At the beginning of the week I decided my original plan to immediately make a spreadsheet didn’t really fit the material, and if I tried it, I’d end up with only a superficial understanding of the content. So I explored, rethought, and decided to start with learning OWL and the corresponding software Protege and translate the different kinds of Semantic Web statements into the other modeling languages. OWL will perhaps help me take notes on the rest of the project, which will center around learning logic via the book Meaning and Argument by Lepore, and I’ll translate the different kinds of logical statements too.
I spent the rest of the week setting up the way I wanted to work, which involved a private GitHub repository, some scripts to test out the languages I’m learning, and some planning about the note-taking format I want to develop as I go along, which is based on the data serialization format YAML.
Last time I lost weight, I was on a low-carb diet, and when I switched to calorie counting, I lost nothing, so I concluded my body didn’t work the conventional way and I’d have to drastically reduce my carbs every time. Well I’m back to counting calories because of this cholesterol control diet, and the eating routine I’ve started with is low enough on calories that I lost almost 4 pounds the first week, about 2 more than you should safely be losing—oops—so I guess it does work after all. I’m making progress on reducing the saturated fat in my diet, and now I’m adding a soluble fiber supplement and one for plant sterols and stanols.
I finished Righting Software by Juval Löwy, a well-known software consultant I hadn’t heard of till someone in a blog comment recommended him. I was curious about his book because he offers a somewhat different angle on software and project design than other authors I read, who tend to be friends with each other and work at the same places, so it’s worthwhile to get an outside perspective. I don’t know if his ideas are actually better, but he claims to take an engineering approach to software development, and I want to try them out. If you want an idea of what he says, I’ve made a playlist of videos from his YouTube channel that cover many of the book’s topics arranged in roughly the book’s order.

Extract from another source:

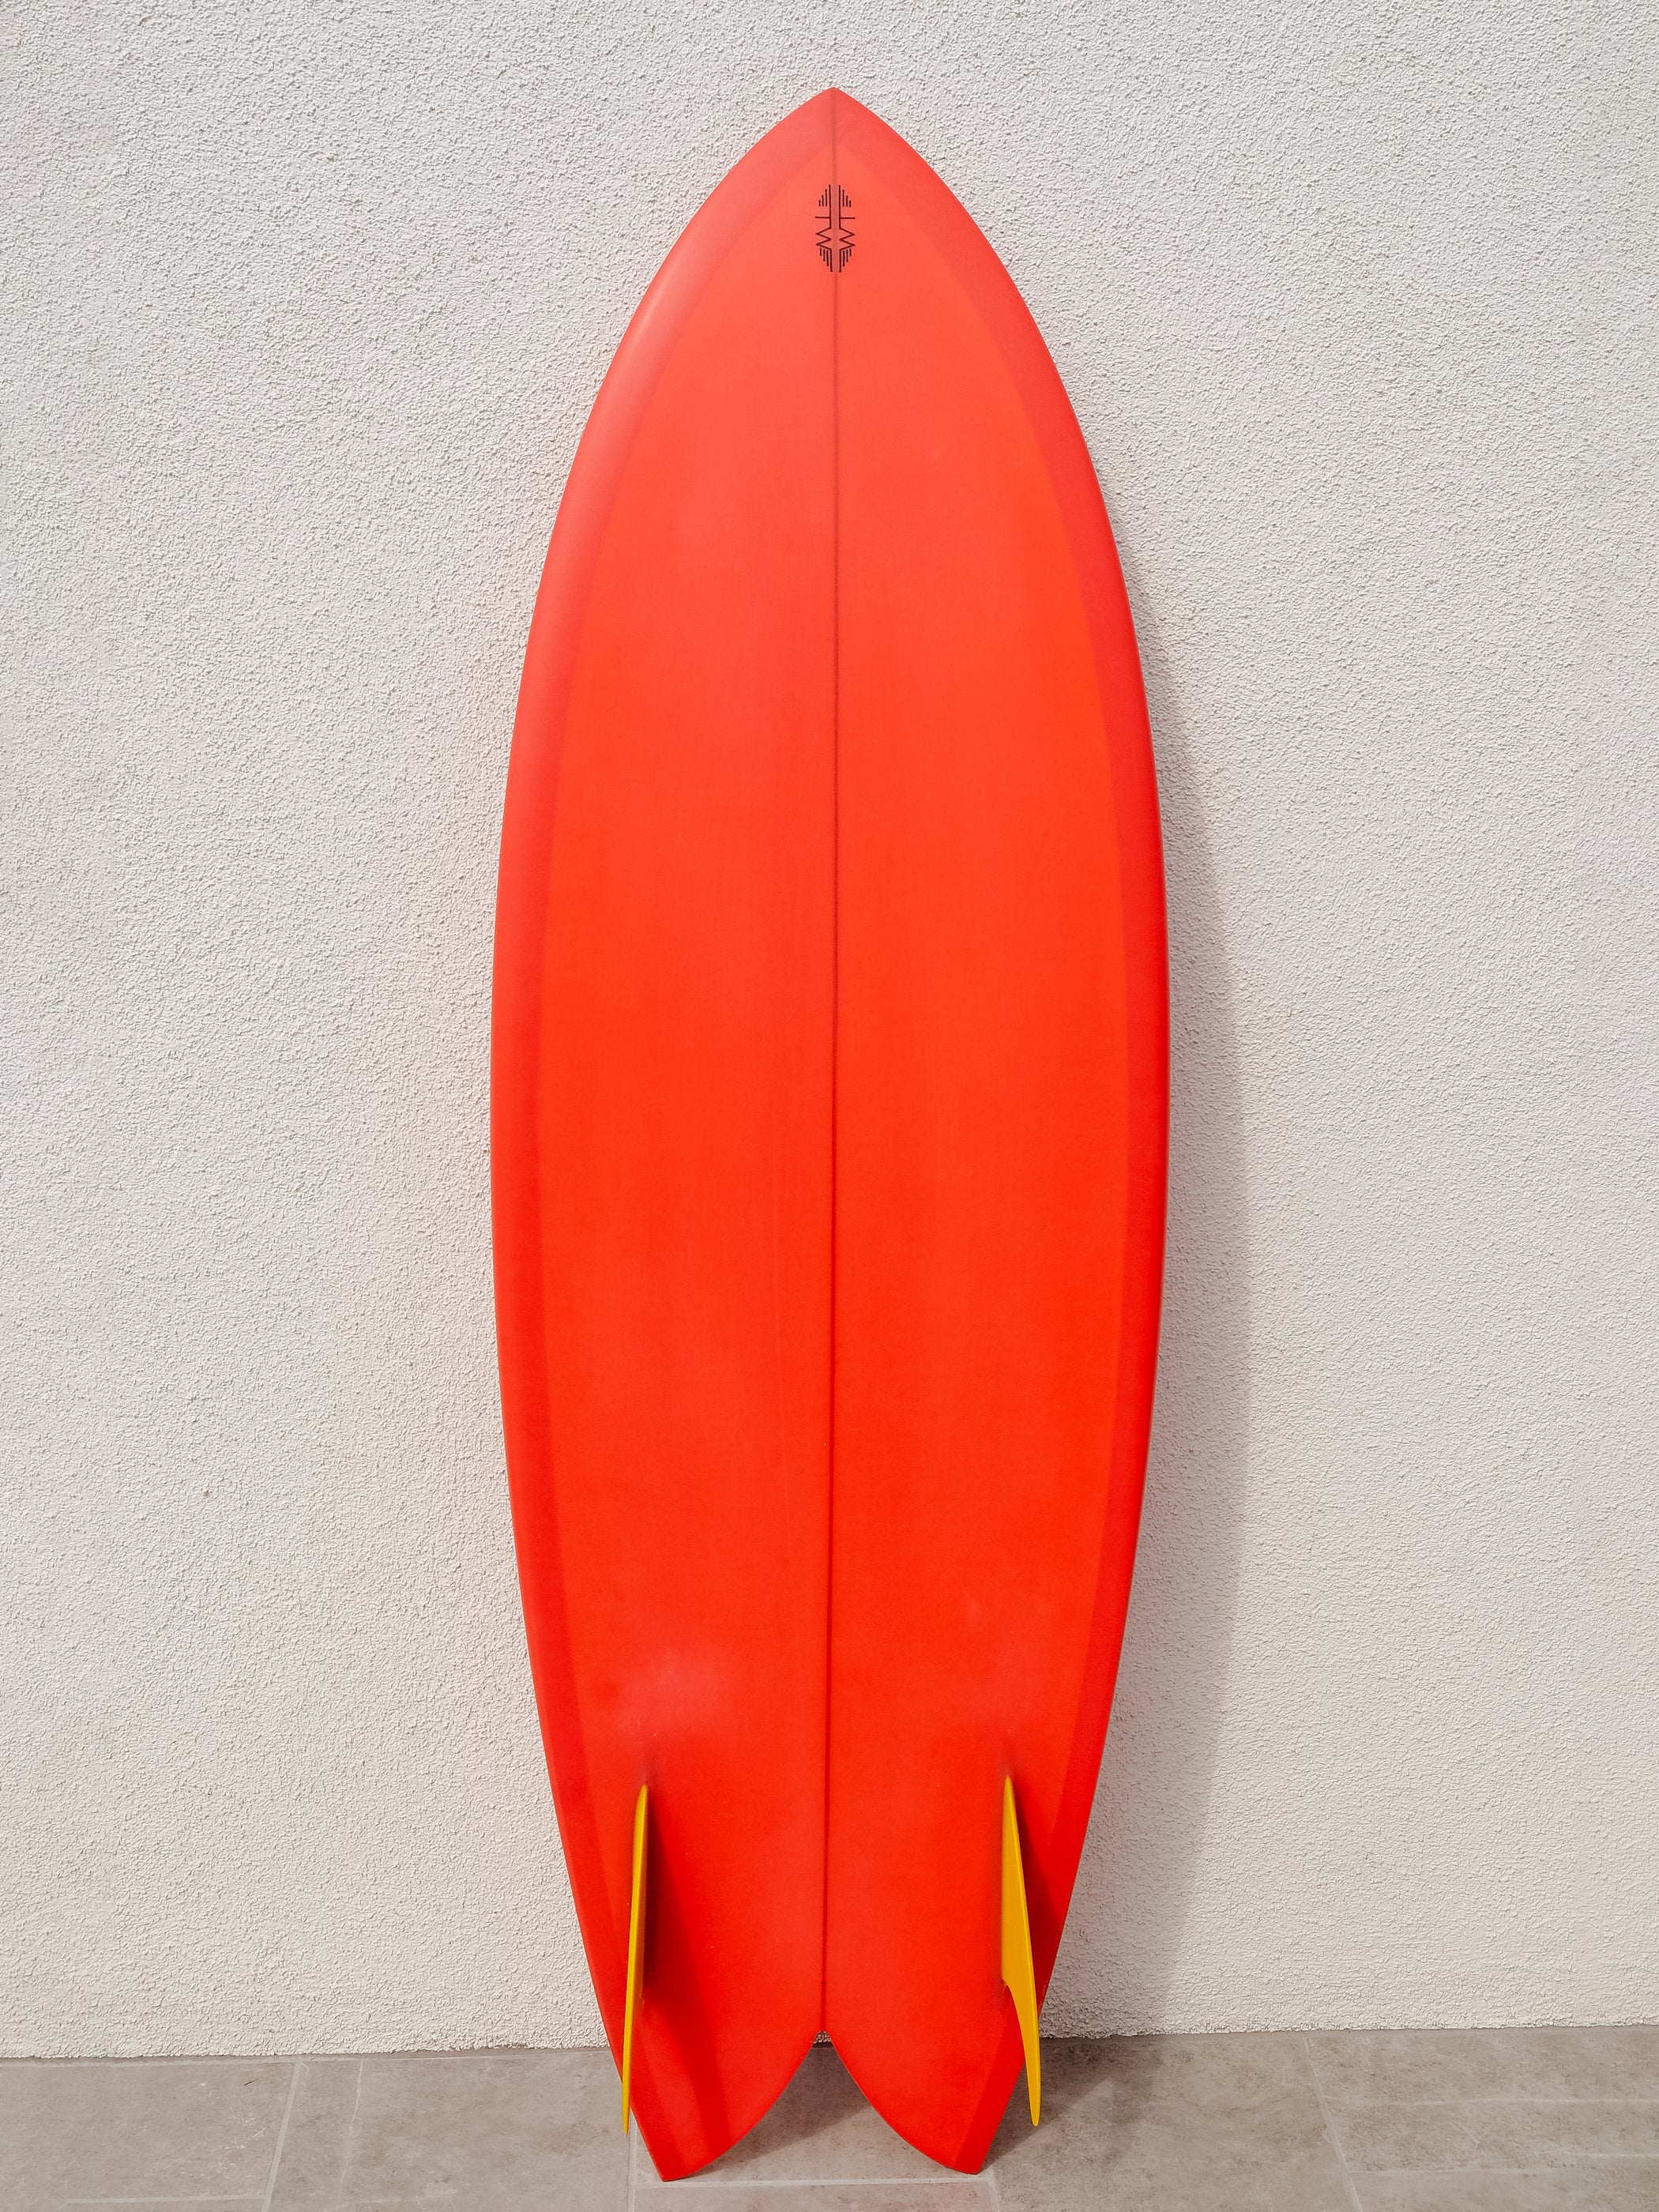 Tyler Warren | Performance Dream Fish 5’8” Sunrise Orange Surfboard

After that I listened to Microservices Patterns by Chris Richardson, and not in text-to-speech, because it actually has an audiobook for some reason and also a nicely organized website. According to reviews, the book covers all the standard industry solutions to the standard challenges a microservice architecture creates, so I feel prepared if I ever get around to creating that kind of software. I’m thinking about using some of the concepts on our ebook production tools at work, since they’re already a collection of loosely collaborating apps.

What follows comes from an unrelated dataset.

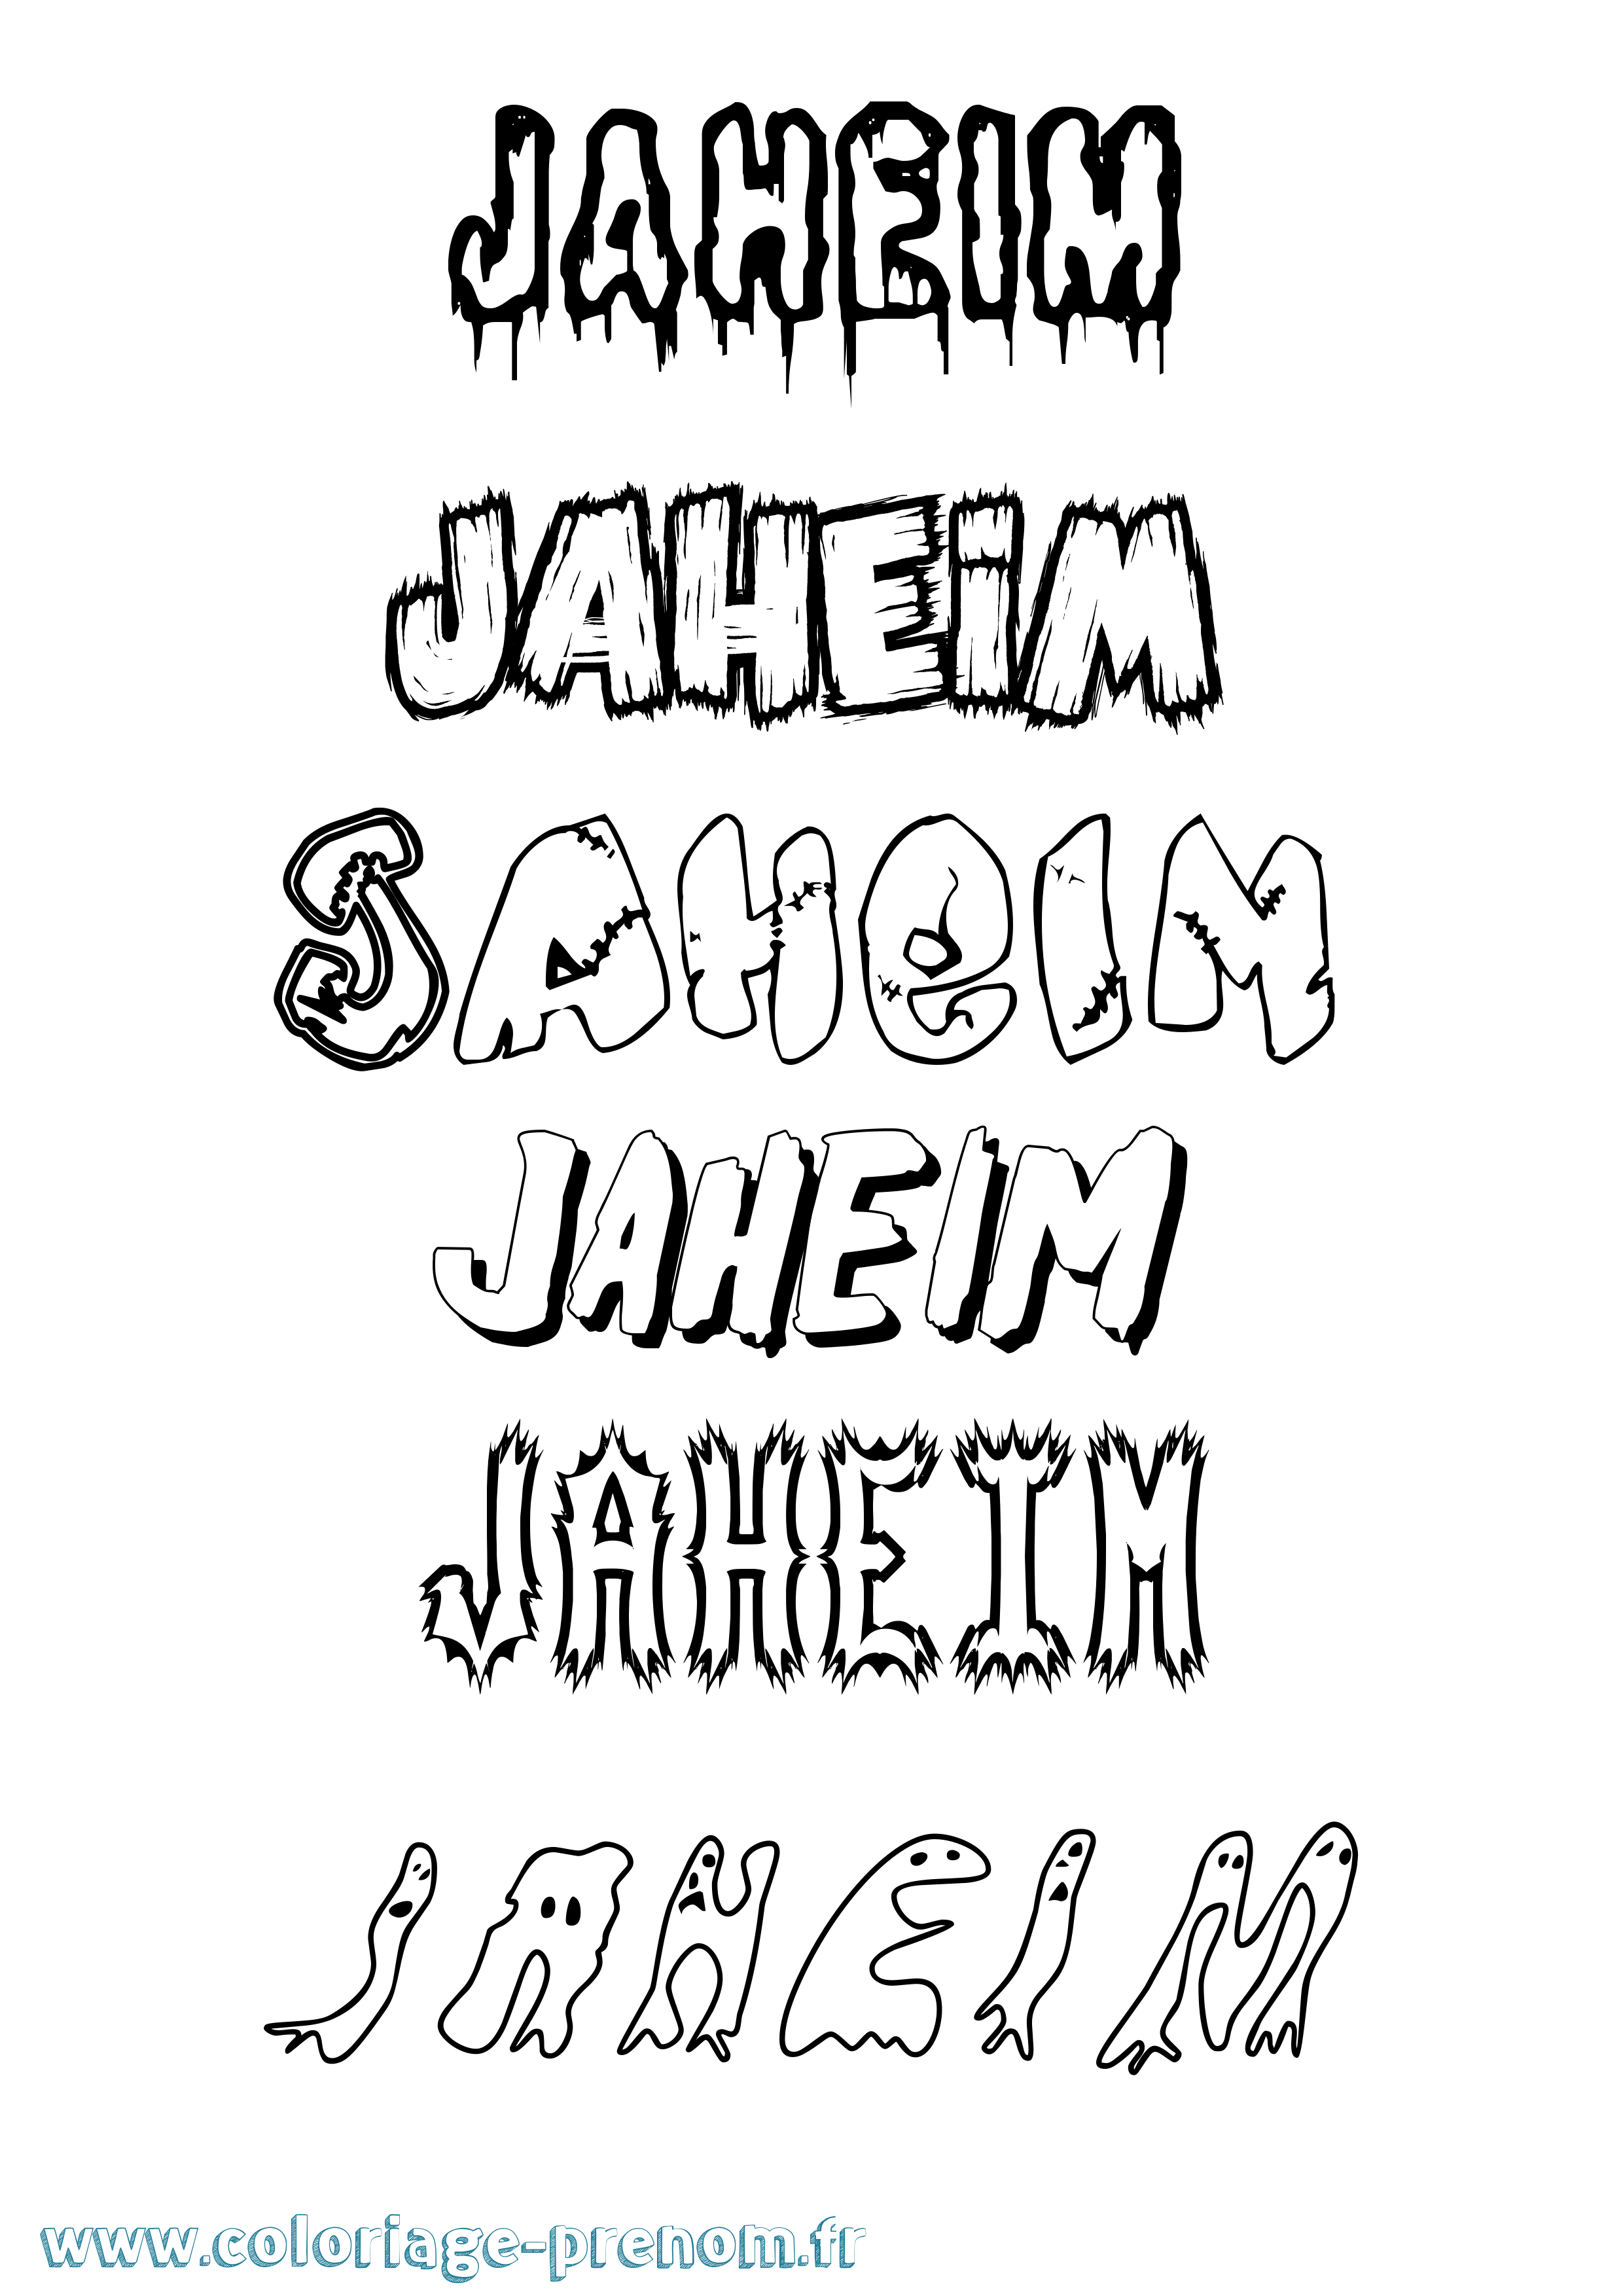 Coloriage prénom Jaheim Frisson

My pastor wants us to read through the Bible again this year, and I decided to make that my Lent activity like it was last year, listening to a whole audio Bible. This year I think I’ll do the NKJV, which has been languishing in my audio Bible collection.
Monday Tim and I went to see Star Wars: The Rise of Skywalker, which I liked okay, but the whole time I felt like I was watching someone’s over-the-top fanfiction. Were all the movies so frantically epic and I never noticed? One of my favorite things about Star Wars is hearing people’s responses to it, so I’ve enjoyed seeing all the critical videos YouTube has been recommending me (warning: spoilers in the links).
I also saw Rise of Skywalker. All of the movies were epic, but not like this one. Not a movie I would watch again.
I’m glad I’m not the only one who thought so.